It was Thursday, July 13, 2000 in the afternoon and Marco Pantani looked furiously around him. Il Elefantino, the elephant, was the first to have passed the line on top of Mont Ventoux, but he was far from happy. In fact, the Italian climber with his bald head and flapors could kill anyone. Lance Armstrong to be precise. In the twelfth stage of the 87ste Tour de France had jumped Pantani on the flanks of the mythical mountain. It looked impressive as yellow truid -carrier Armstrong rode him a little later and took the head. Armstrong was much stronger and sometimes seemed to wait if Pantani could not keep his rear wheel. It was therefore surprising that Armstrong did not win. As a tribute for Pantani's return to the bike after a period full of Malheur, the Texan clearly left the victory to the breed climber, something that Armstrong later also admitted. A larger humiliation was unthinkable for Marco Pantani. A champion like he gave you no gifts, certainly not in a queen ride, and certainly not on top of the mountain of mountains.
 

The Col du Tourmalet is higher, Alpe d’Huez Steiler, the Col de la Madeleine Longer, but none of those mountains has the attraction of Mont Ventoux, which towers majestically above the flat landscape of the Vaucluse department in Provence. It is the strange lunar landscape at the top, the treacherous rapidly changing weather conditions, and its fearing past full of fear, suffering and tragedy and for a few heroism and triumph. And death. Anyone who says Mont Ventoux says Tommy Simpson, the Brit who died in the Tour de France of 1967 on the way up. But even in the climbs before and after that fatal day, it didn't make much of it or riders had not survived the ride to the top at 1912 meters. In the murderous heat during a Tour stage in 1955, Ferdi Kübler drove much too fast. A fellow refugee warned him: "The Ventoux is not a mountain like everyone else." The Swiss Tour winner of 1950 did not listen, chased itself over the head and was so exhausted that he fell over and after getting up the peloton. After that trip over Mont Ventoux, he no longer drove a dent in a packet of butter. Jean Malléjac never cycled again after the same climb. He fell unconscious from the bike and was barely rescued by the Tourarts. The large Eddy Merckx also had to be ventilated in an ambulance after his victory in 1970.

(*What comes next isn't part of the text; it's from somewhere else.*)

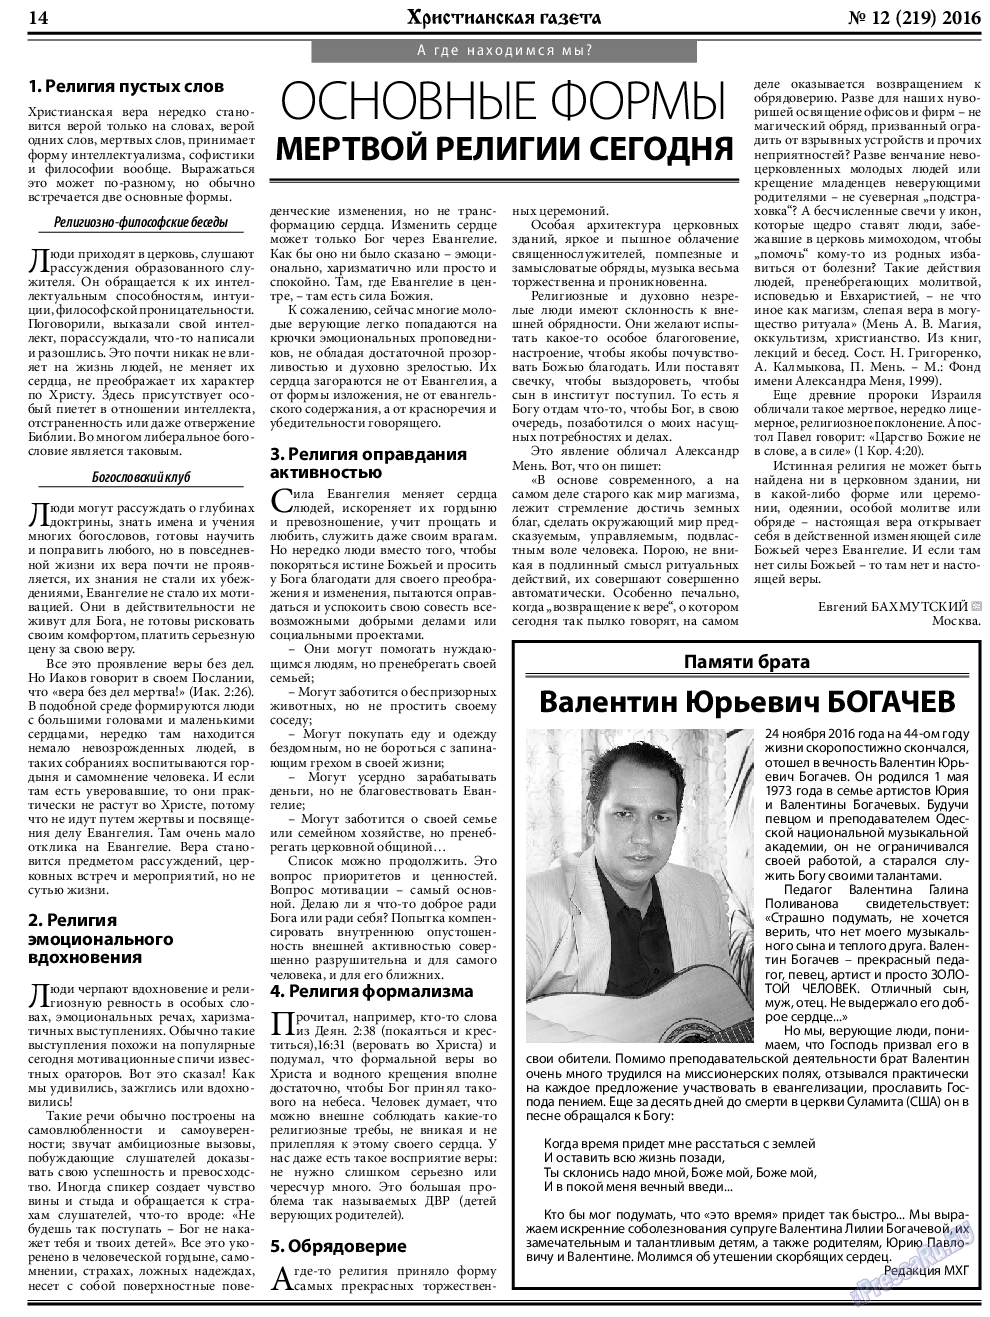 Христианская газета, газета. 2016 №12 стр.22

Michael Boogerd called Mont Ventoux a scary thing. "You feel void. As if you are coming to the moon. The limestone and the observatoire, the characteristic white tower with the cylinder on the roof, give the landscape a grim character. "The weather on 'the sugar bread', such as the bare mountain with the white of the snow and limestone on the top be called, can be grim and erratic. When Boogerd De Mont Ventoux (freely translated: 'Windige Berg') in 2000 climbed during the Tour de France, it was 35 degrees on the foot, on top only 3. And he also knows the stories of quoted races through a suddenly rising wind Where riders had to lie flat on the floor with their material to not get rid of it. "You never know above that."

"Above that" is above the tree line where the wind has free rein. If the climber has a rough one to hit again, the heaviest part of the climb starts there, the last 6 kilometers by 8.5% rise. But on normal days, the cursing is the hardest after the sharp bend at the village of Saint-Estève, during the 10 kilometers through the forest, once described as "a small green hell with a black stripe asphalt." Experience expert and writer Tim Krabbé still does not know how you can find the rhythm in the stifling and stuffy forest, but he always managed to come up.

 

Sports nutrition information

Where can you eat well during the climb of Mont Ventoux (from Bedoin)?

  • In the first 2.5 kilometers of the climb.
  • Try to eat as well as can eat during the next kilometers. You are constantly at 10% slope
  • At Chalet Renard. You come here in a parking lot that is almost completely flat.
Tip: halfway between Chalet Renard and the top is a water point.